Marietta Fauntleroy Andrews (December 11, 1869 – August 7, 1931) was an American painter and designer.

== Biography ==
Andrews was born Marietta Fauntleroy Minnigerode in Richmond, Virginia. Her sister Lucy Minnigerode was head of the United States Public Health Service Nursing Corps.

She was of German descent, being the granddaughter of Charles Minnigerode, a revolutionary who fled to the United States in the 1830s due to his radical sentiments. She studied at the Corcoran School of Art in Washington, D.C. under Eliphalet Frazer Andrews, whom she would marry in 1895. She also studied in New York City with William Merritt Chase, with Luigi Chialiva of Paris, and Ernest Lieberman in Munich.

Beginning in 1890 she served as an assistant instructor at the Corcoran School. She visited Italy in 1892, and in 1896 became a founder member of the Washington Water Color Club. In 1920 she formed the National Monticello Association, one of a number of organizations formed to raise the funds to purchase Monticello, which had been put up for sale by its owner Jefferson Monroe Levy.

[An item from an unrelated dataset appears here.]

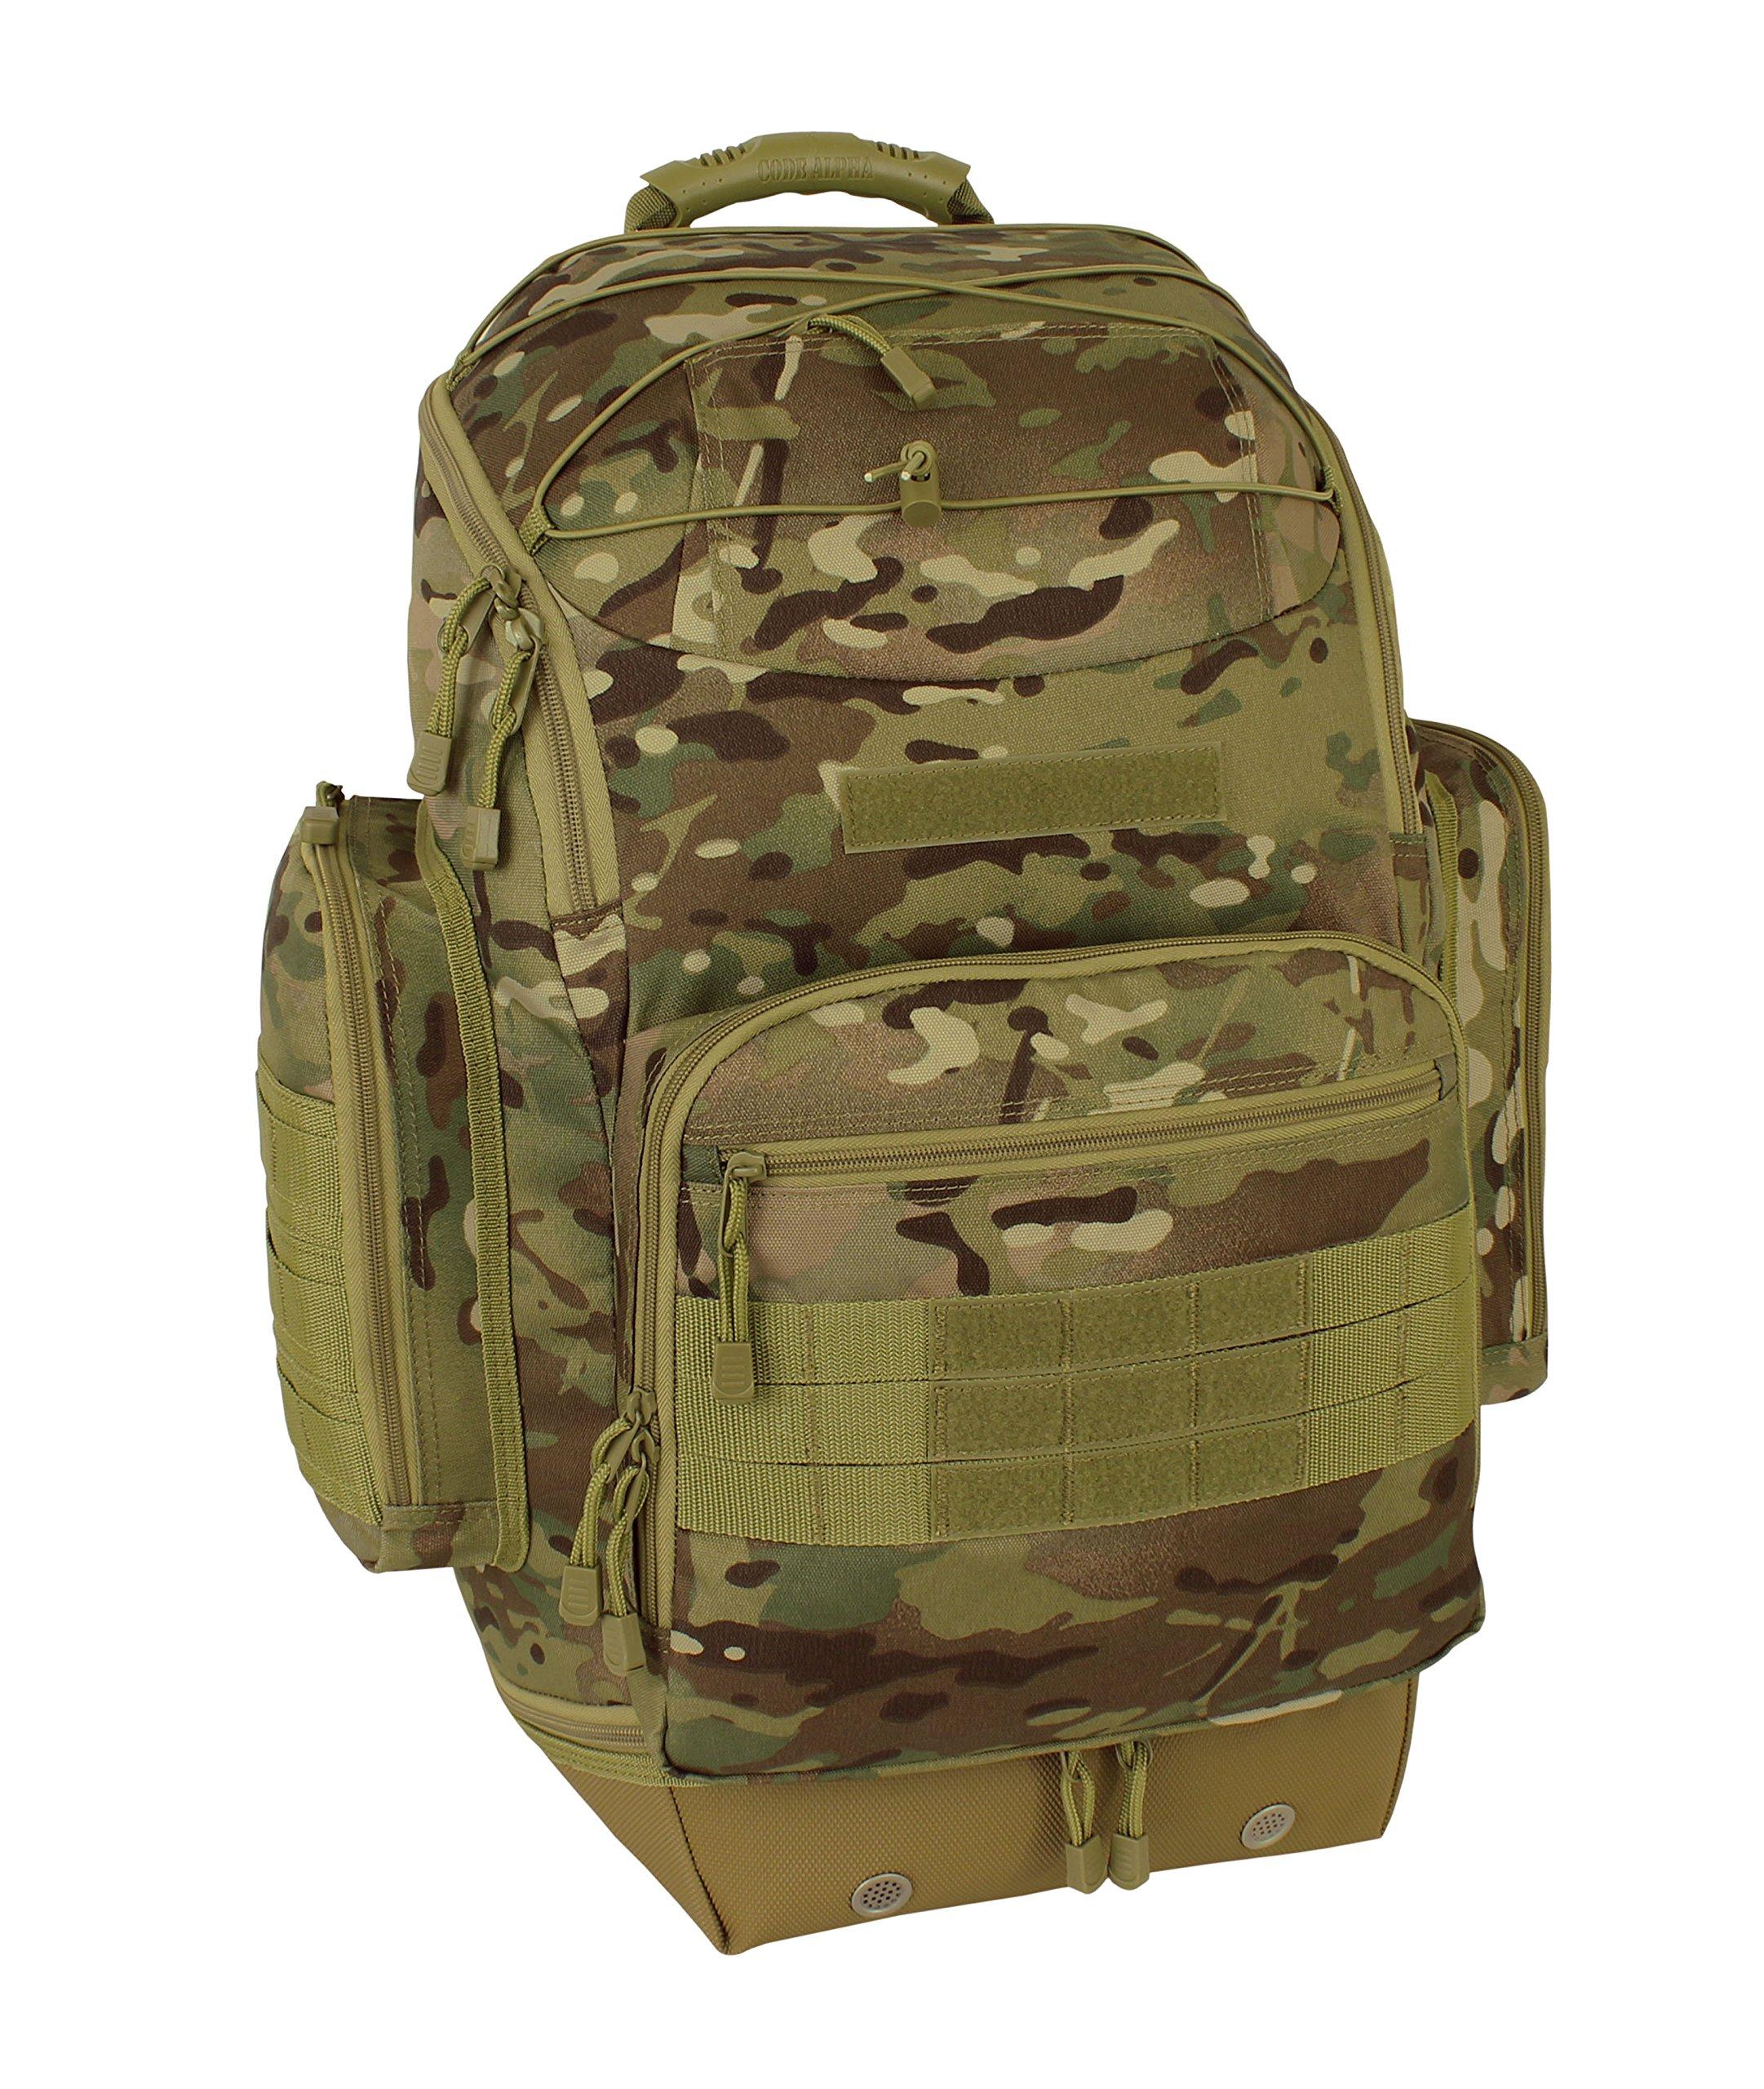 Code Alpha Bravo Zulu Pac Operator's Backpack, Multicam by Code Alpha

She produced designs for the stained glass windows of St. Paul's Church in Steubenville, Ohio. Her work may also be found at the University of Virginia, the George Washington University, and the American Society for Psychical Research. She published several books which she illustrated herself, including My Studio Window (1928); Scraps of Paper (1929); and George Washington's Country (1930); and also created silhouettes. She had two children, Mary Lord and Eliphalet Fraser. Towards the end of her life, she lived and worked on 16th Street in Washington, D.C. She died at her son's home, Vaucluse, in Alexandria, Virginia. She was buried in the family plot in Middleburg.

A sketchbook by Andrews, along with a collection of her drawings, was long held in the collection of the Corcoran Gallery of Art; at that institution's demise, all of these were transferred to the art museum at American University. A collection of her papers may be found at Virginia Commonwealth University.